Передерий с аппетитом откусил кусок бутерброда и запил его очень сладким чаем, отхлебнув из огромной личной кружки. Круглые очки его при этом запотели. Сняв их и протирая носовым платком, он продолжил лекцию:

– Пелагический трал устроен совсем по‑другому. Его название происходит от слова «пелагиаль», что означает – толща воды. Этот трал – из толстой капроновой сети, иногда довольно сложного покроя. Для лова мелкой рыбы, такой, как мойва, внутрь этой сети вставляется другая, более частая сетка – «рубашка». Рубашка намного меньше самого трала. Казалось бы, рыба может ее запросто обогнуть и уйти сквозь широкие ячейки основной сети. Но специальные исследования показали, что даже очень разреженная сеть так баламутит воду, что рыба воспринимает ее как сплошную стену, пугается, сбивается к центру и, в итоге, попадает прямиком в рубашку.

Егор удивленно покачал головой: «Надо же!»

Передерий по очереди поднес протертые линзы вплотную к близоруким глазам, проверяя чистоту стекол, вернул очки на переносицу и продолжил:

– Чтобы все это хозяйство не запуталось и раскрылось, как надо, по верхней подборе трала привязаны поплавки, или кухтыли, а по нижней – грузила. Кухтыли тянут вверх, грузила – вниз, и так обеспечивается вертикальное раскрытие трала. А по горизонтали трал раскрывают доски – две пластины по бокам трала. Они работают, как крылья, и под действием встречного потока воды разъезжаются в стороны, растягивая трал далеко по бокам от судна.

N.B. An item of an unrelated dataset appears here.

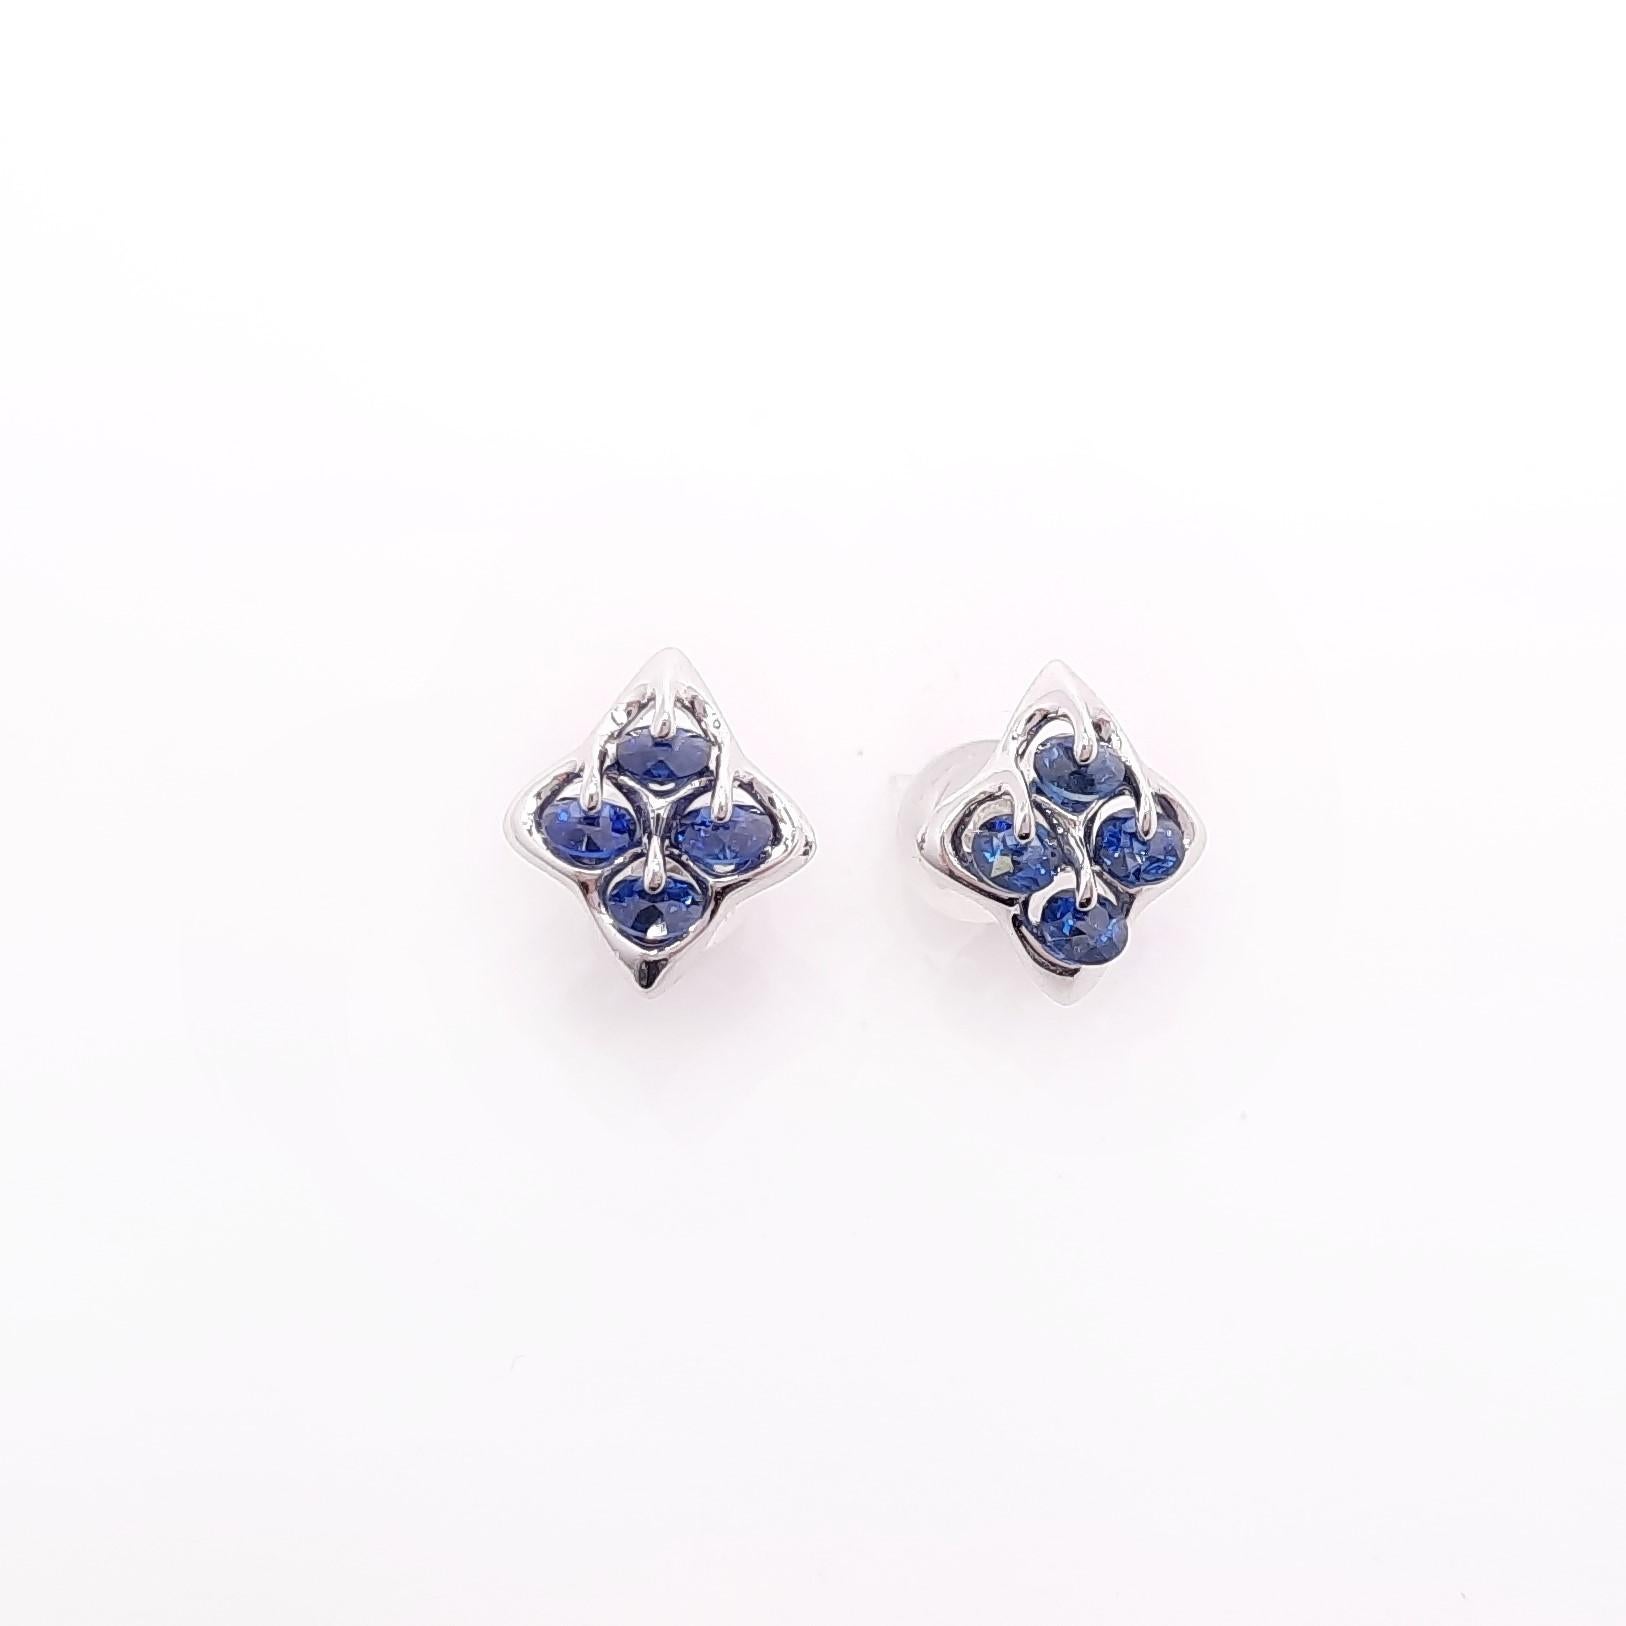 Inspired by the famous Russian Ballet, the Prima Star sapphire stud earrings created by MOISEIKIN® charm your day with the exceptional hue and uniqueness. The design is created with patented Russian setting technology, in which a gemstone trembles

В стремлении объяснить процесс раскрытия трала как можно нагляднее, Передерий развел в стороны пухлые ладони с растопыренными пальцами и стал похож на персонажа картины Репина «Охотники на привале».

– Тросы, на которых тащат трал, называются «ваера́». Глубина, на которой он идет, может регулироваться как скоростью хода судна, так и длиной ваеро́в, выматываемых с лебедок. И правильно соотнести все это, управляя одновременно рулями, двигателем и лебедками и ориентируясь по эхолотам – целое искусство! Можно же запросто и мимо косяка протралить, хотя, казалось бы, он – вот он! Тем более, трал‑то вон насколько отстает от судна! Попробуй, пойми, где он там сзади мотыляется! Если улов большой, то перед тем, как вытаскивать на палубу всю эту массу рыбы, в трале‑то ее бывает шестьдесят тонн и больше, к ваерам для поддержки добавляют особо прочные тросы – «понедельники».

 

После такой лекции Егор теперь, услышав в рубке распоряжение капитана о «понедельниках», сразу смекнул, что трал ожидается знатный, многотонный и что именно надежда на удачную рыбалку как раз и вызвала ту широкую улыбку на лице «майора».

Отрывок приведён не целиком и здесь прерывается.